→ **GOAL OF THE EXERCISE**:
Starting at the line that contains "Проект дома 270-001-Л | House Expert", print each line exactly through the end of the listing. Skip any pictures and add nothing.
[[ DATASET SECTION open ]]
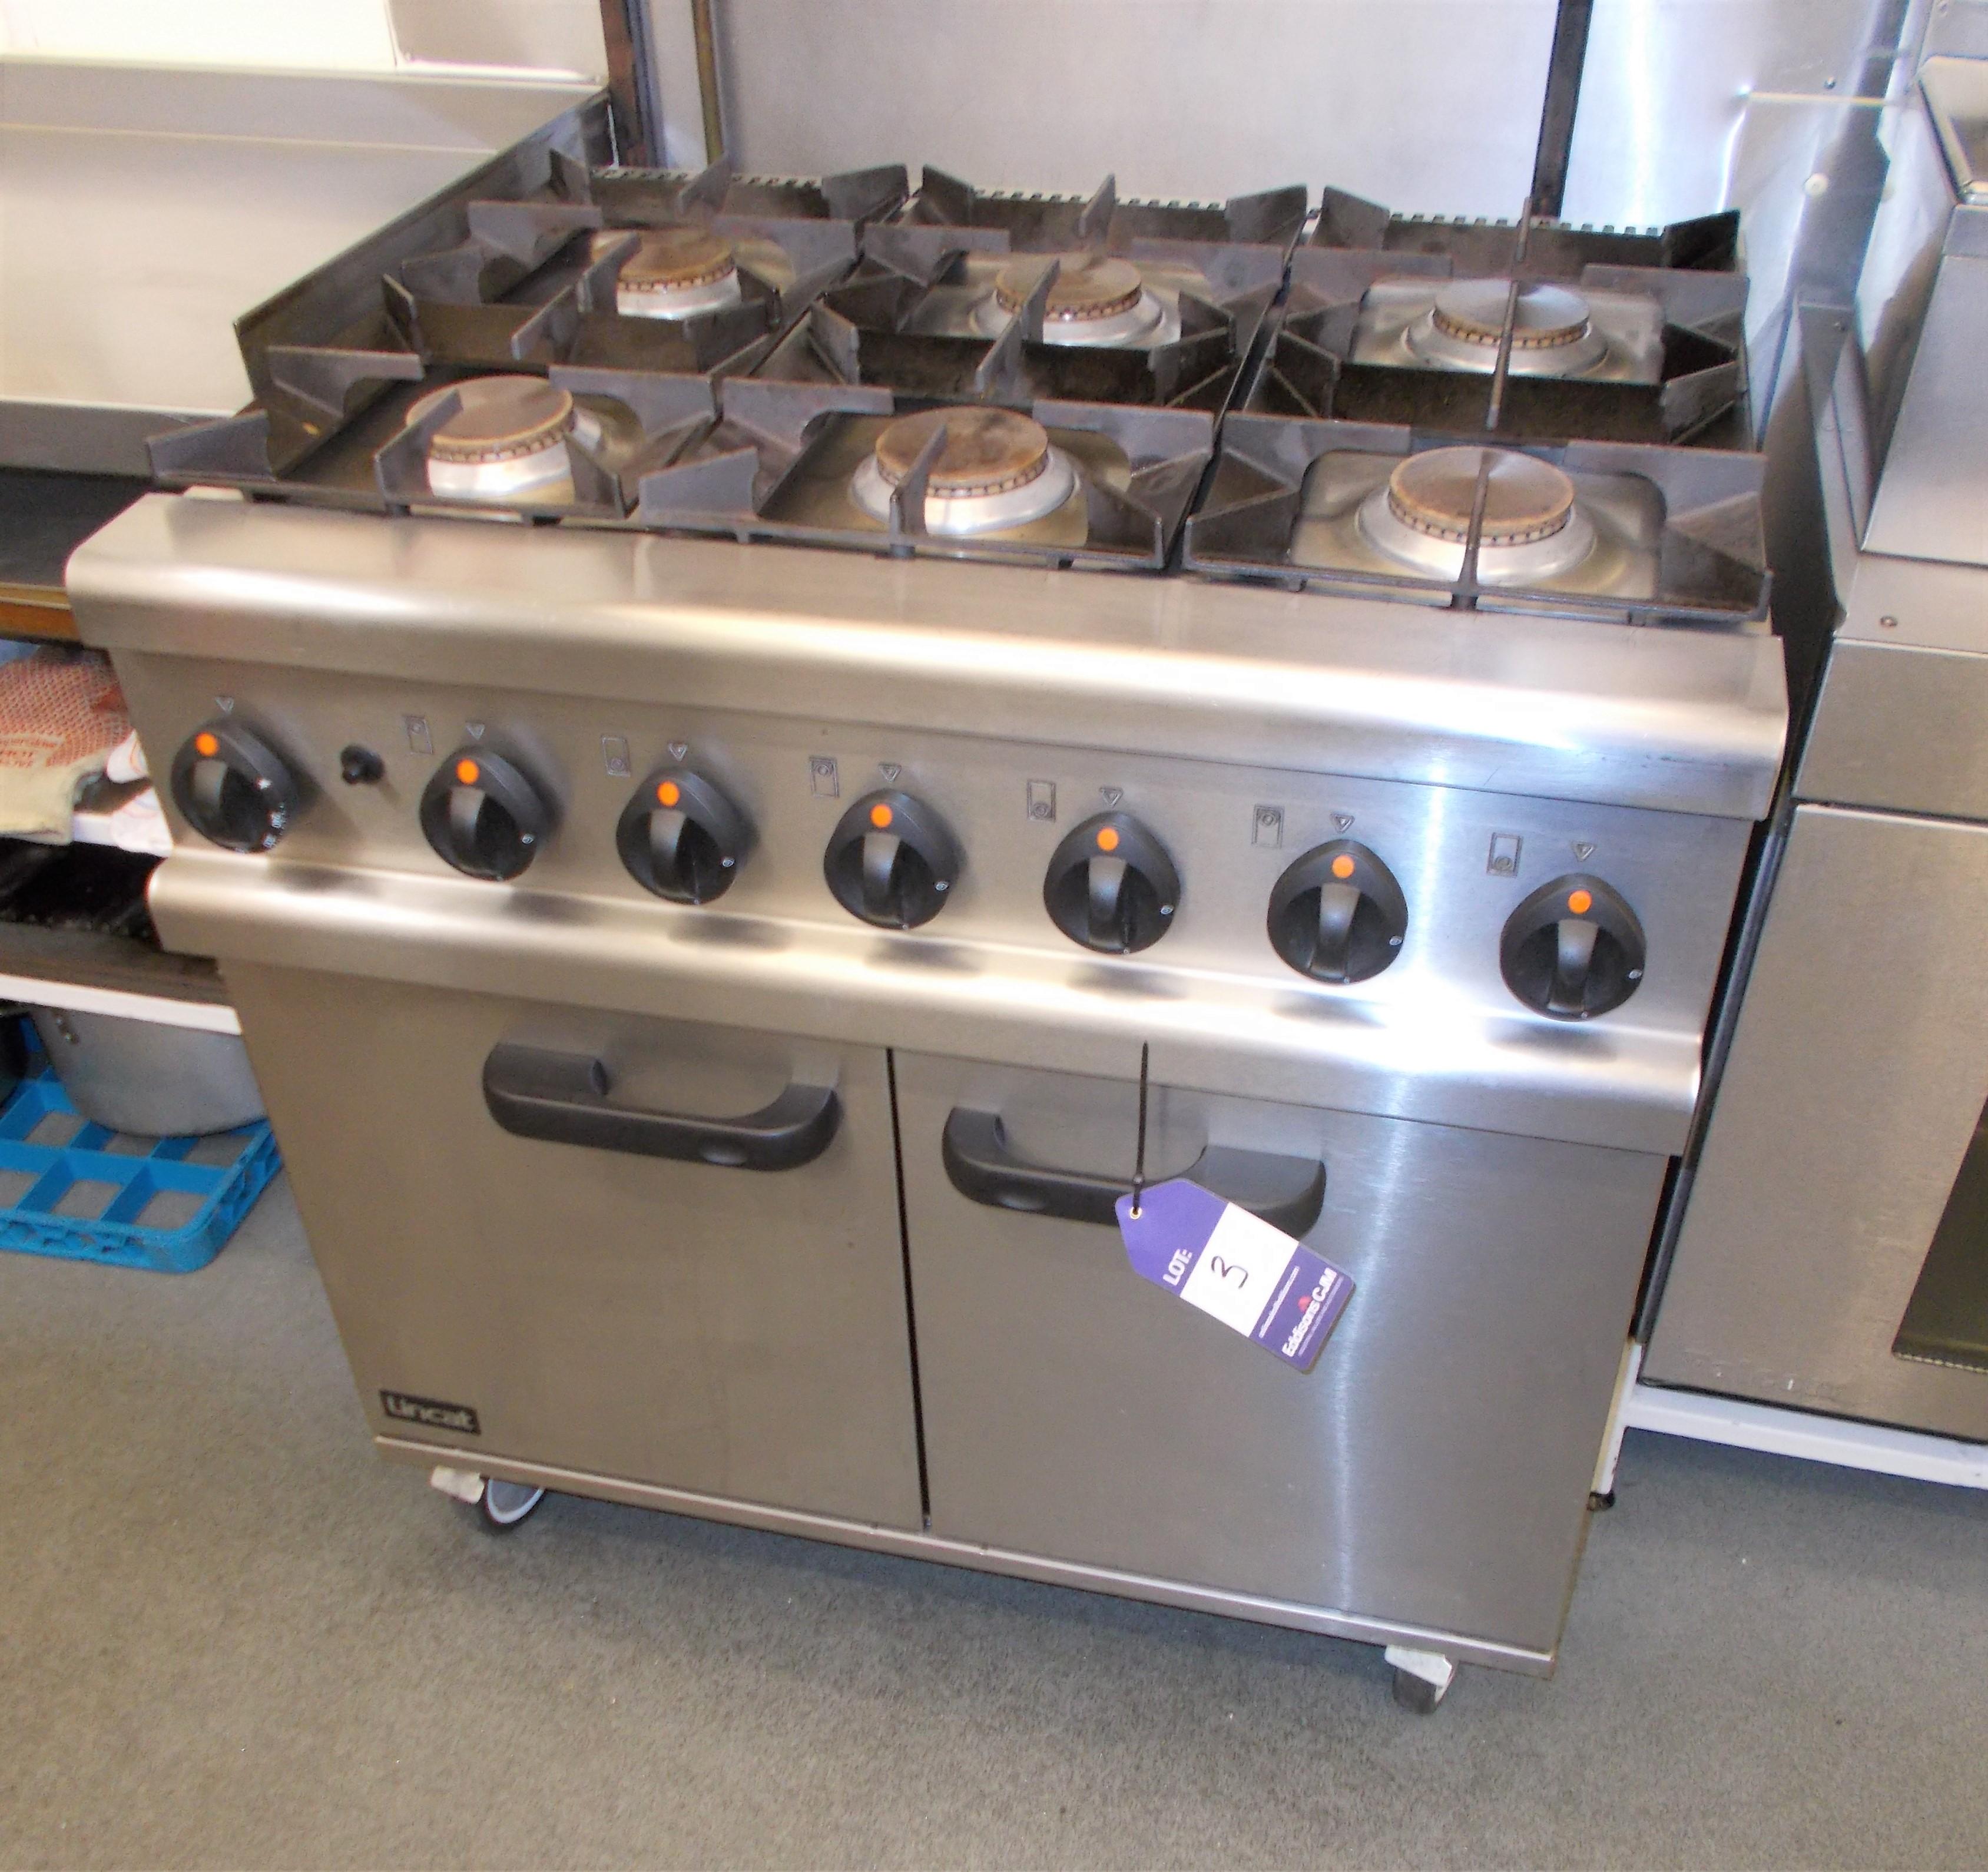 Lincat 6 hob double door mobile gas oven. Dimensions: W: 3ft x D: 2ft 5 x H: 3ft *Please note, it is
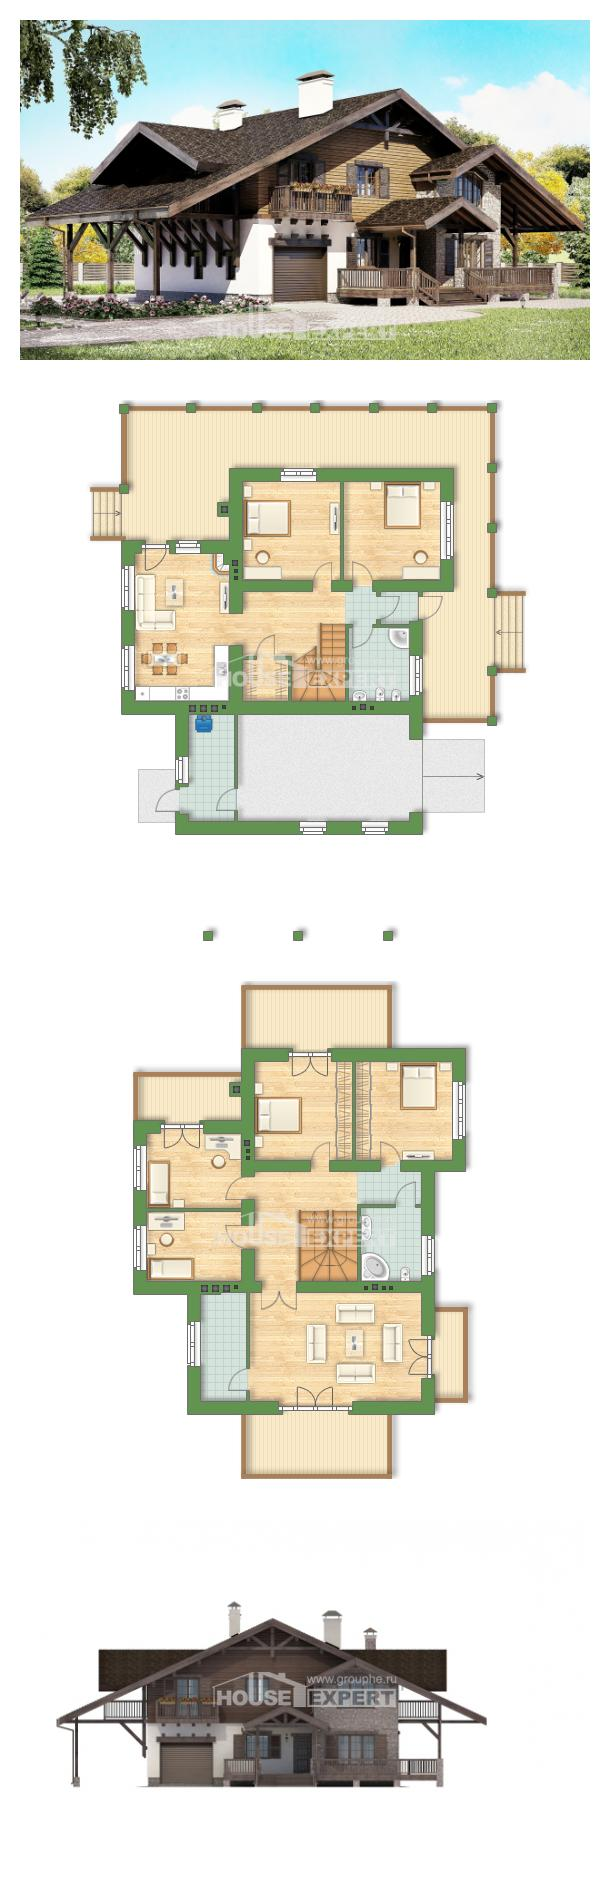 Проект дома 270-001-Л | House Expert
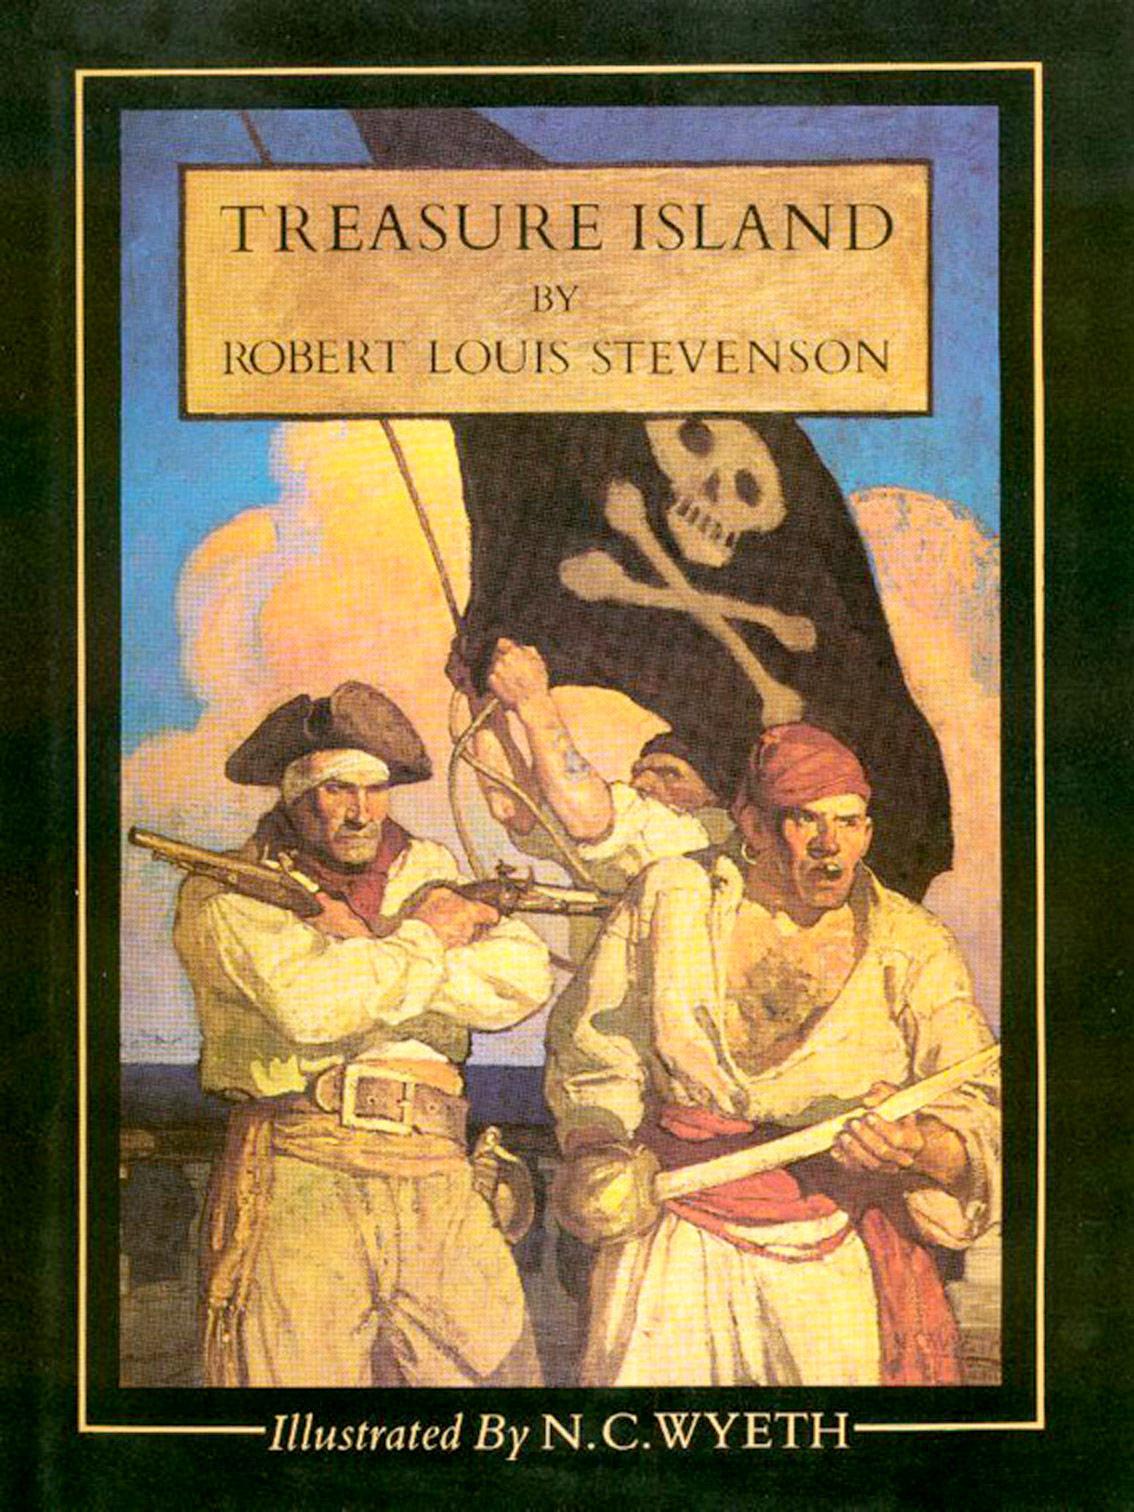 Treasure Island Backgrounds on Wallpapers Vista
[[ DATASET SECTION closed ]]
→ **REPLY TO THE EXERCISE**:
 Проект дома 270-001-Л | House Expert
 Treasure Island Backgrounds on Wallpapers Vista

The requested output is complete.